As someone explained here, you can go to the Network & Sharing Center and click a network you're already connected to, then get to the properties. However, I need to access the properties for a network to which I'm not yet connected in order to initially set up the configuration.

In Windows 10, what is the route to access the connection properties dialog for a wireless network that can be seen as available but for which the connection has not yet been configured?

  • A disconnected network wouldn't have any properties one would assume.
    – Journeyman Geek
    Sep 19, 2015 at 13:06
  • Take a look at pages 2-4 of this PDF. Things I need to change before I connect.
    – Insane
    Sep 19, 2015 at 18:47
  • Is all of this just to ask where to find the configuration screens for a network you've selected? There are various routes to get a list of the networks the computer sees as existing. I'm not familiar with Win 10, specifically, but typically, right-clicking or double-clicking on an available network will open that properties/configuration window.
    – fixer1234
    Sep 20, 2015 at 4:11
  • 2
    Nope, not at all. As I already said on Windows 7 you could right click and select properties but you can't on 10 (or 8/8.1 to my knowledge). Why even respond if you're going to be condescending? Here's a GIF of me spamming double click on a network the computer sees as existing. As you can see, no properties/configuration window pops up.
    – Insane
    Sep 20, 2015 at 4:17
  • I wasn't being condescending, I was trying to make sense of your question and attempt to offer help. With all of the verbiage in the question, you didn't describe what happens via the "usual" routes, which you clarified in your comment. You link to some screens that are described as available after you are connected. Those same screens should be available (and are needed), before you connect. So the question you're trying to answer appears to be what I asked in my first sentence: where to find those screens starting from a list of available networks.
    – fixer1234
    Sep 20, 2015 at 4:44

3 Answers 3


The OP's request has not been addressed, but ignored.

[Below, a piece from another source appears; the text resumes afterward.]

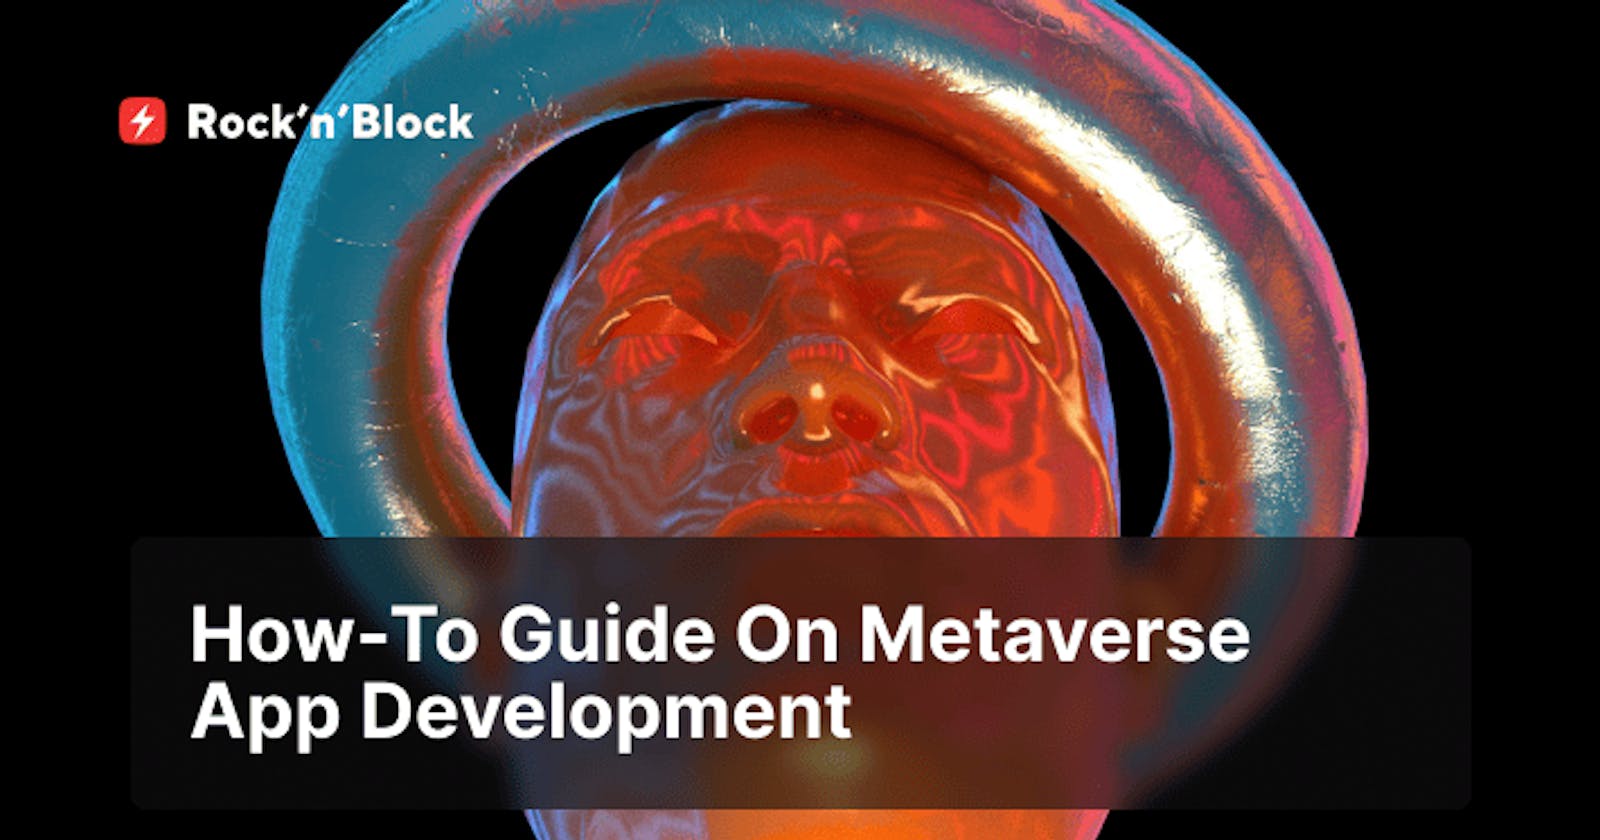 The Definitive How-To Guide for Metaverse App Development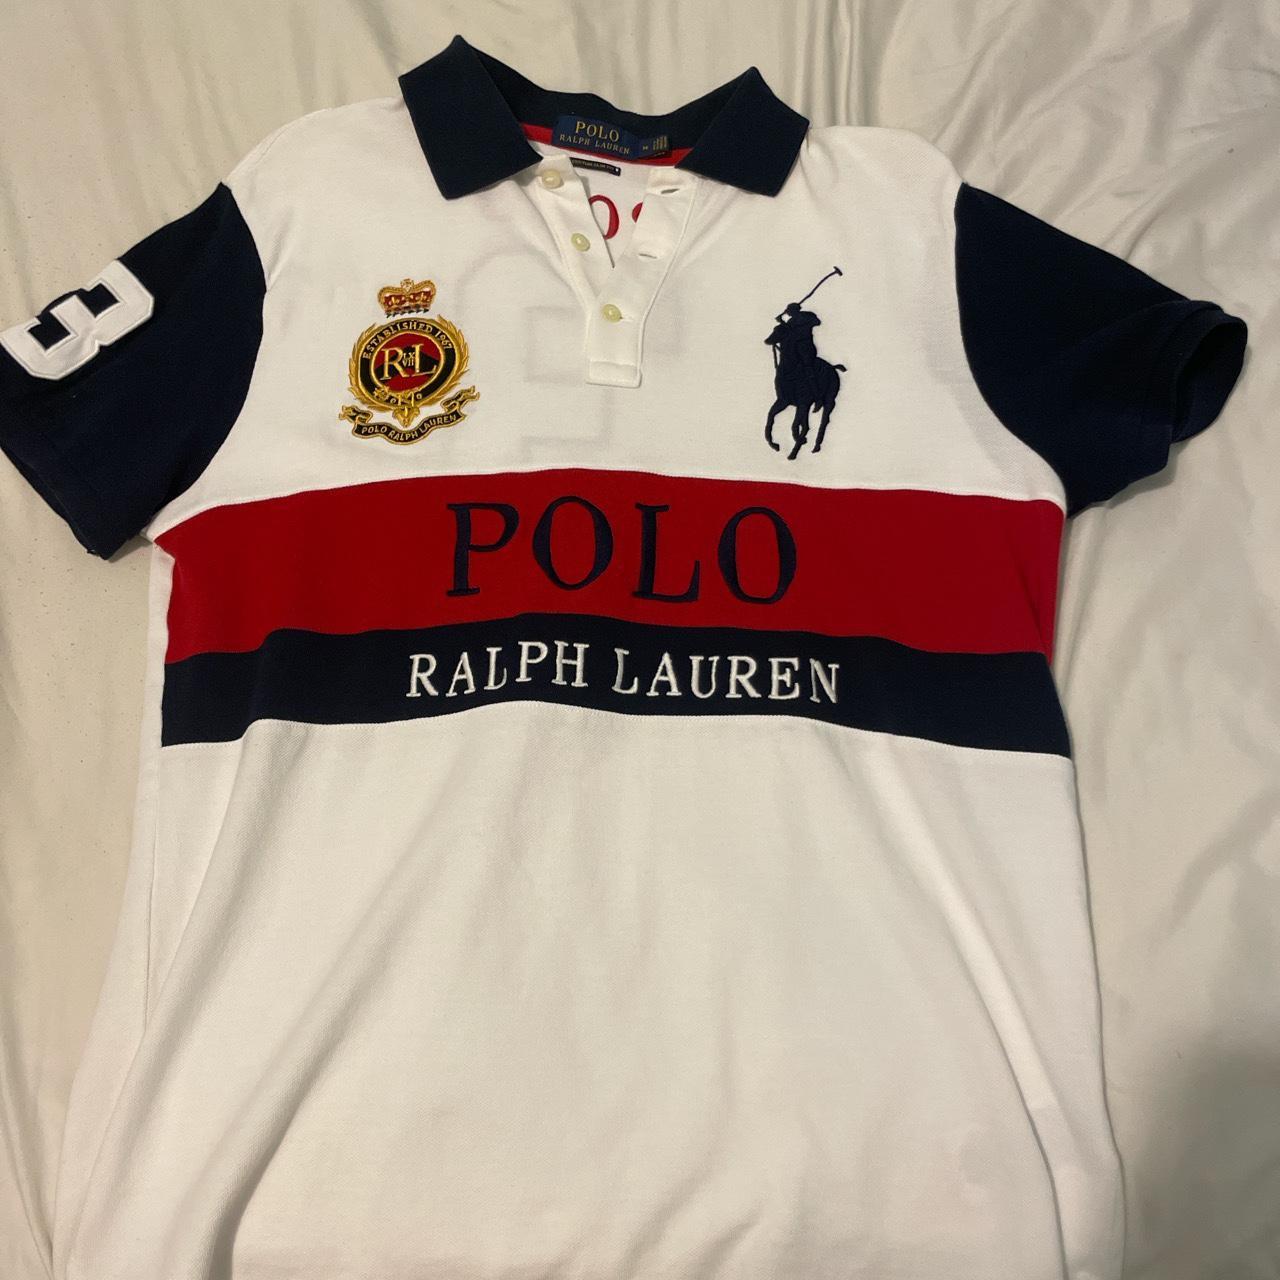 Polo shirt Only used once - Depop

In Windows 10 you can NOT edit an already configured wireless networks settings without being connected to it first. In Windows 7 you can.

In Windows 10 you can create networks manually, which exposes the GUI they want, and you can delete them as well.

But to edit them afterwards you have to at least attempt to connect to them. However if you mess up those settings and put it in a state where it would never connect it cannot be edited and must be deleted.

This is as step backwards from Windows 7.


I'm thankful I got this to work but I'm also embarassed how it was hidden in plain sight.

  • Right Click on your network icon in the taskbar and click "Open Network and Sharing Center"

  • Find setup a new connection

  • Select Manually Connect to a wireless network

  • Now, is where you will enter the SSID and applicable security info for your network. Even if you aren't connected, you can create a profile and access advanced properties


It would seem like a recent Win 10 update changed the way to access the wireless "advance" properties.

In my case the way to access this is via "Control Panel". Then click "Network and Internet", then on the right side, click "Network and Sharing Center". Then you'll see the "Setup a new connection or network". Afterwards follow procedures from Insane's post above.